Иногда я сажусь за рояль с удовольствием, иногда – только потому, что у меня нет другого дела, или потому, что я не умею делать ничего другого; бывает, правда, и так, что желание спрятаться в музыку становится столь сильным, что от него спирает дыхание, цепенеют пальцы. Нечто подобное происходит сейчас: я пытаюсь отдаться нотам и вместо этого вижу себя со стороны сидящим за инструментом в большой комнате, полной белого света. Со стороны такое сидение выглядит странно: человек хватается за клавиши, будто это средство защиты, оборонительное оружие. И взгляд не тот, и профиль не тот, и в движениях прямо-таки маниакальный автоматизм. Я продолжаю играть, как машина, я слишком сосредоточен на темпе и на выверенной до микрона точности касания клавиш, и потому музыка не дышит, при каждой извлекаемой мною ноте перед глазами на миг возникает какая-то мерзкая рожа, появляются и исчезают сотни, тысячи мерзких рож, брезгливое выражение на которых – упрек мне в отсутствии цели, энергии, мужества, жизненного напора. Я стараюсь не смотреть на них, не обращать внимания, но мне это не удается, упрек поражает пальцы и распространяется на кисти рук, на всю руку, на плечи, шею, заползает в мозг; я пытаюсь выдерживать темп и сбиваюсь с темпа, снова нащупываю его, но теперь уже поздно: мной овладели безразличие, скука, вязкое ощущение бессмысленности того, что я делаю.
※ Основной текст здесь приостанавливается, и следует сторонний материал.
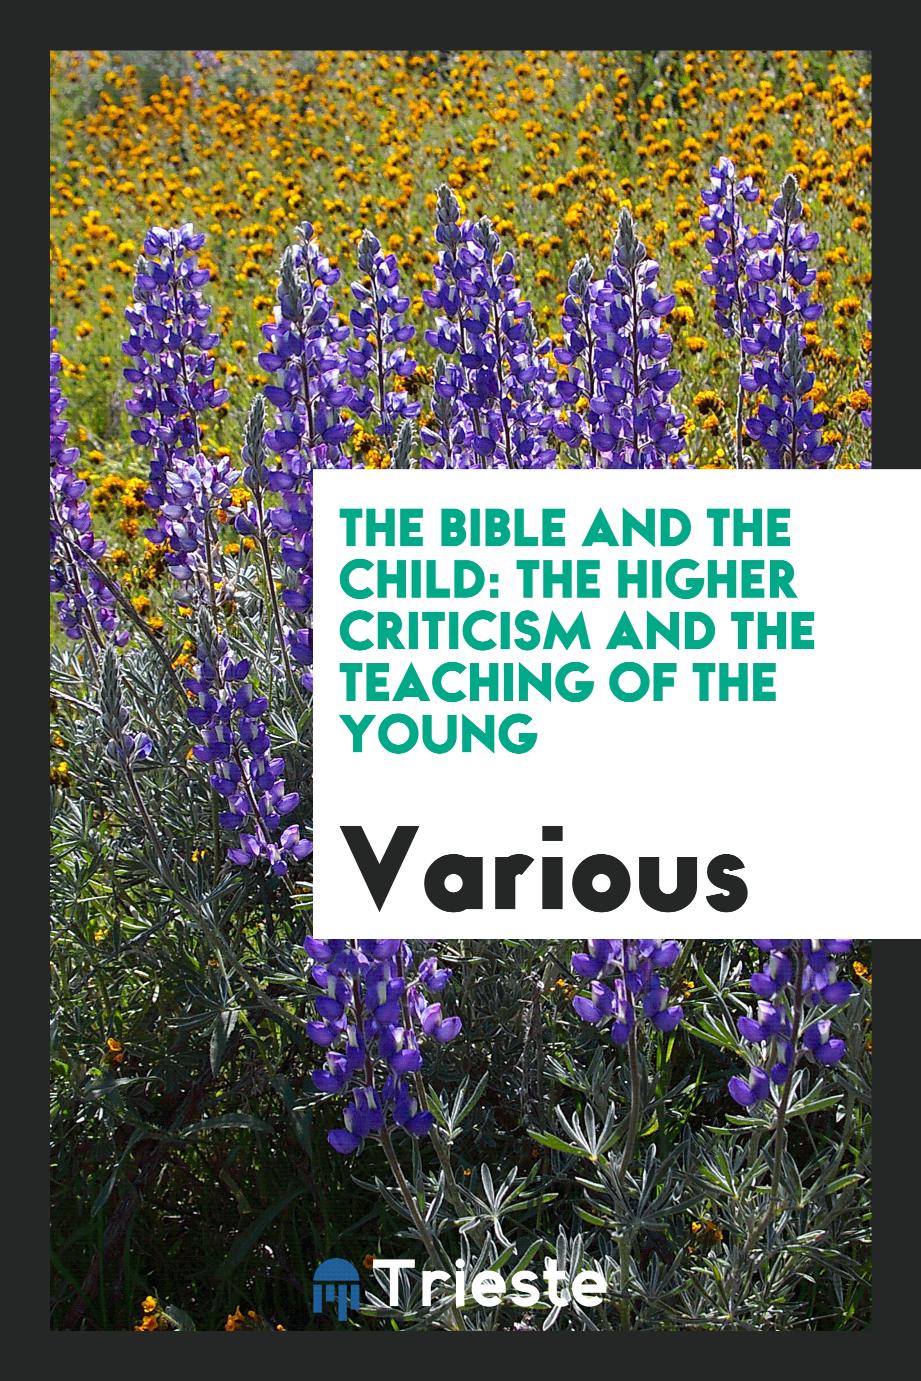 The Bible and the Child: The Higher Criticism and the Teaching of the Young

Я вскочил на ноги, отошел от рояля и зашагал по гостиной, как зомби. Я хотел бы, чтобы кто-нибудь был дома и мог напомнить мне, кто я, но в доме никого не было, даже собаки, семейство Фолетти в полном составе отправилось не то медитировать, не то делать добрые дела, не то за покупками, какая разница. Я смотрел вокруг – искал любую зацепку для мыслей, чтобы отвлечь их от себя, натравив на какой угодно предмет; во мне разливалось холодное яростное, не знакомое мне прежде отчаяние. Казалось, еще немного – и я растаю, растает промежуток между мной и близлежащим миром, мне было так страшно, что я готов был закричать, но это был бы уже поступок, слишком для меня положительный.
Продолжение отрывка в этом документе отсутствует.